Question 12.19: A Freon-12 refrigerator producing a cooling effect of 20 kJ/...
A Freon-12 refrigerator producing a cooling effect of 20 kJ/s operates on a simple cycle with pressure limits of 1.509 bar and 9.607 bar. The vapour leaves the evaporator dry saturated and there is no undercooling. Determine the power required by the machine.
If the compressor operaters at 300 r.p.m. and has a clearance volume of 3% of stroke volume, determine the piston displacement of the compressor. For compressor assume that the expansion following the law pv^{1.13} = constant.
Given :
| Temperature °C |
p_{s} bar |
v_{g} m³/kg |
Enthalpy h_{f} |
kJ/kg h_{g} |
Entropy s_{f} |
kJ/kg K s_{g} |
Specific heat kJ/kg K |
| – 20 40 |
1.509 9.607 |
0.1088 — |
17.8 74.53 |
178.61 203.05 |
0.073 0.2716 |
0.7082 0.682 |
— 0.747 |
(UPSC)
Given : From the table above :
h_{2} = 178.61 kJ/kg ; h_{3} ^{′} = 203.05 kJ/kg ; h_{f_4} = 74.53 kJ/kg = h_{1}
Now, cooling effect = \dot{m} (h_{2} – h_{1})
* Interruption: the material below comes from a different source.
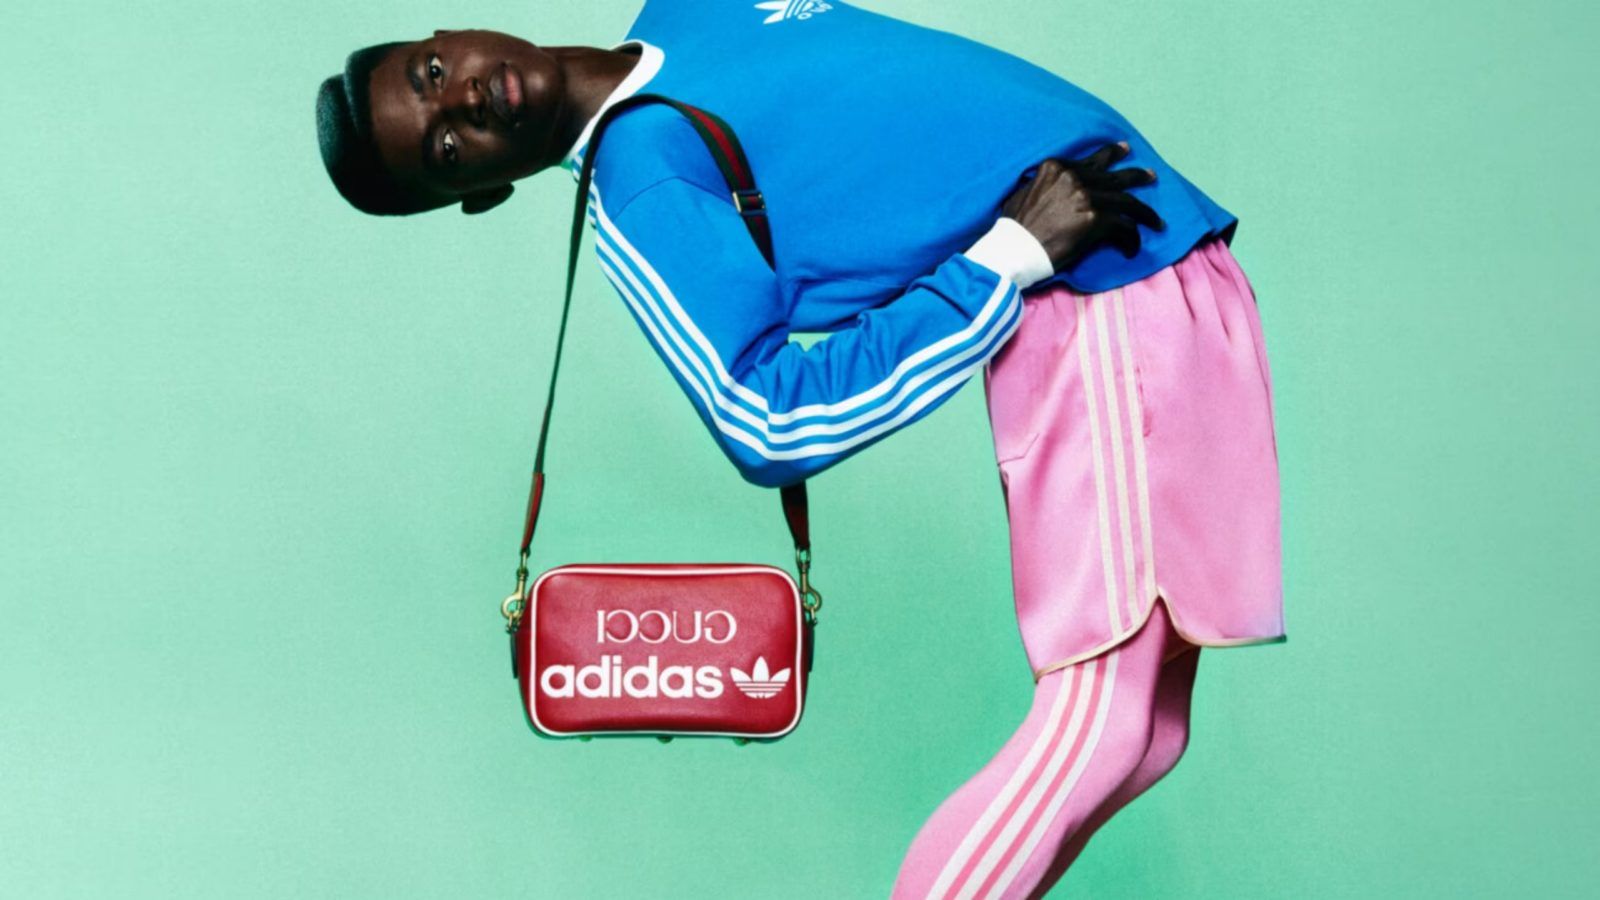 adidas x Gucci is almost here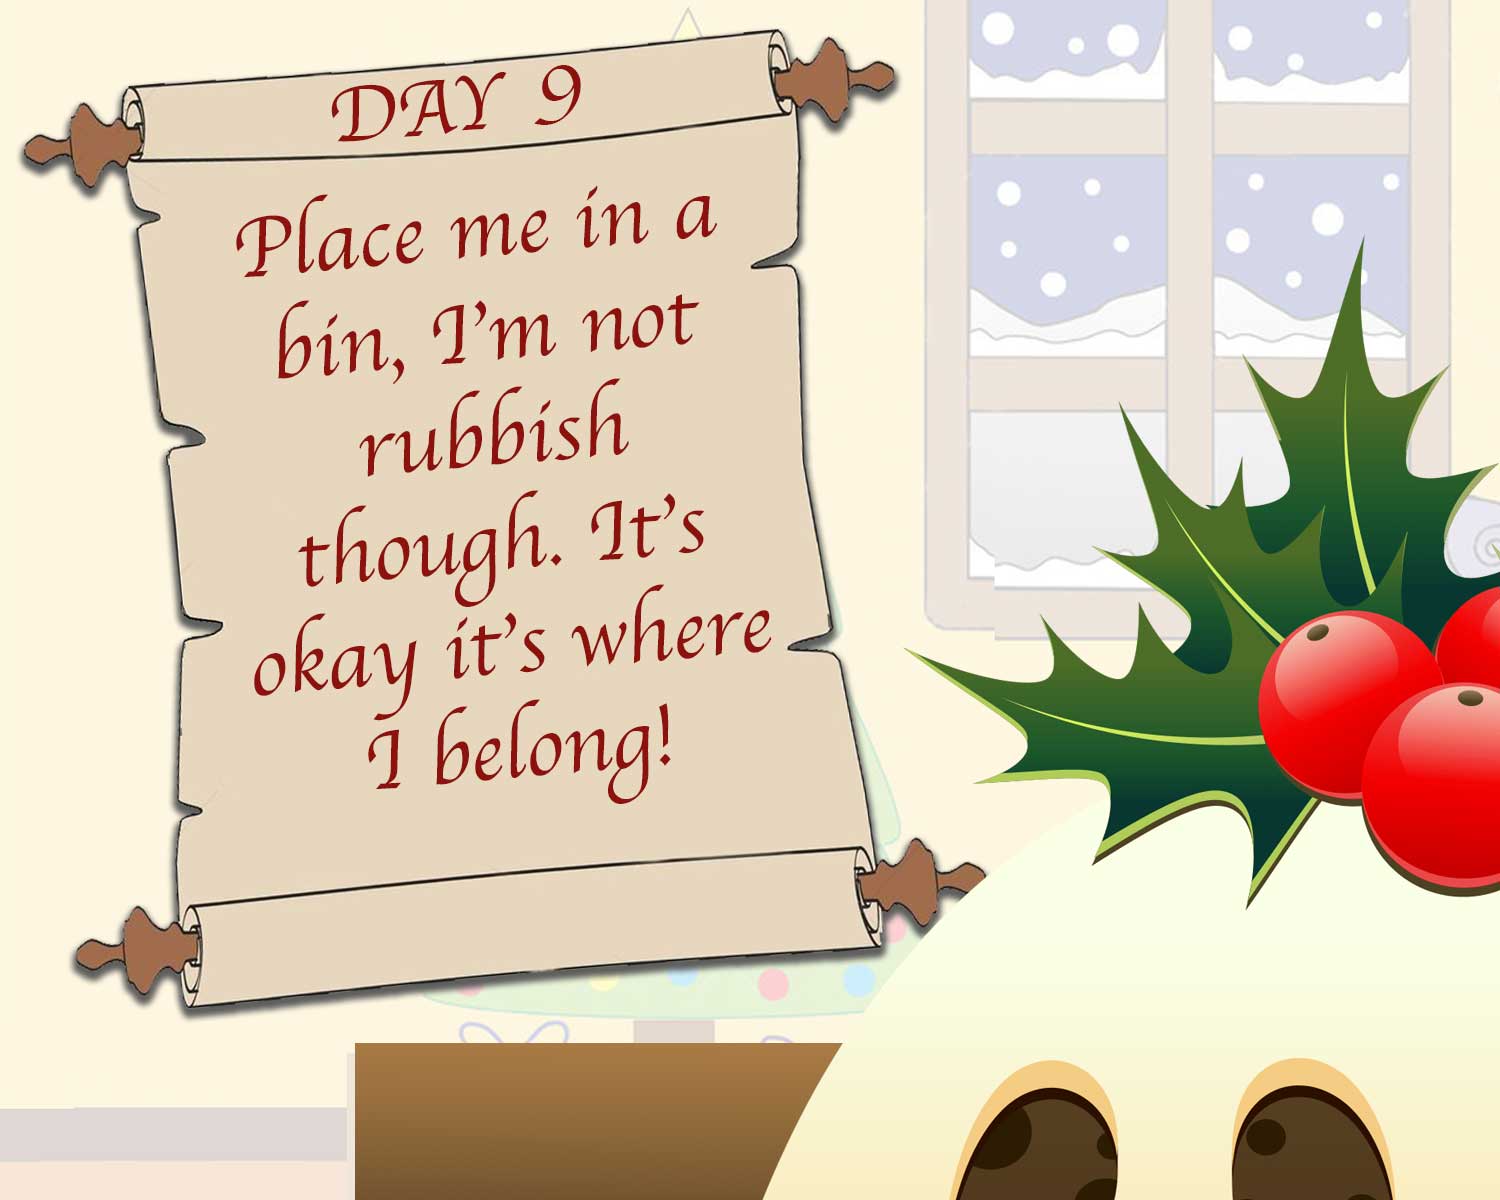 DAY 9 - THE GREAT CHRISTMAS PUDDING HUNT

20 = \dot{m} (178.61 – 74.53)
∴ \dot{m} = \frac{20}{(178.61 – 74.53)} = 0.192 kg/s
Also, s_{3} = s_{2}
s_{3} ^{′} + c_{p} \ln (\frac{T_{3}}{T_{3} ^{′}}) = 0.7082
0.682 + 0.747 \ln (\frac{T_{3}}{313}) = 0.7082
or \ln (\frac{T_{3}}{313}) = \frac{0.7082 – 0.682}{ 0.747 } = 0.03507
or \frac{T_{3}}{313} = e^{0.03507} = 1.0357
∴ T_{3} = 313 × 1.0357 = 324.2 K
Now, h_{3} = h_{3} ^{′} + c_{p} (324.2 – 303)
= 203.05 + 0.747 (324.2 – 313) = 211.4 kJ/kg
Power required :
Power required by the machine = \dot{m} (h_{3} – h_{2})
= 0.192 (211.4 – 178.61) = 6.29 kW.
Piston displacement, V :
Volumetric efficiency, η_{vol.} = 1 + C – C (\frac{p_{d}}{p_{s}})^{1/n}
= 1 + 0.03 – 0.03 (\frac{9.607}{1.509})^{\frac{1}{1.13}} = 0.876 or 87.6%
The volume of refrigerant at the intake conditions is
\dot{m} × v_{g} = 0.192 × 0.1088 = 0.02089 m³/s
Hence the swept volume = \frac{0.02089}{η_{vol.}} = \frac{0.02089}{0.876} = 0.02385 m³/s
∴ V = \frac{0.02385 × 60}{300} = 0.00477 m³.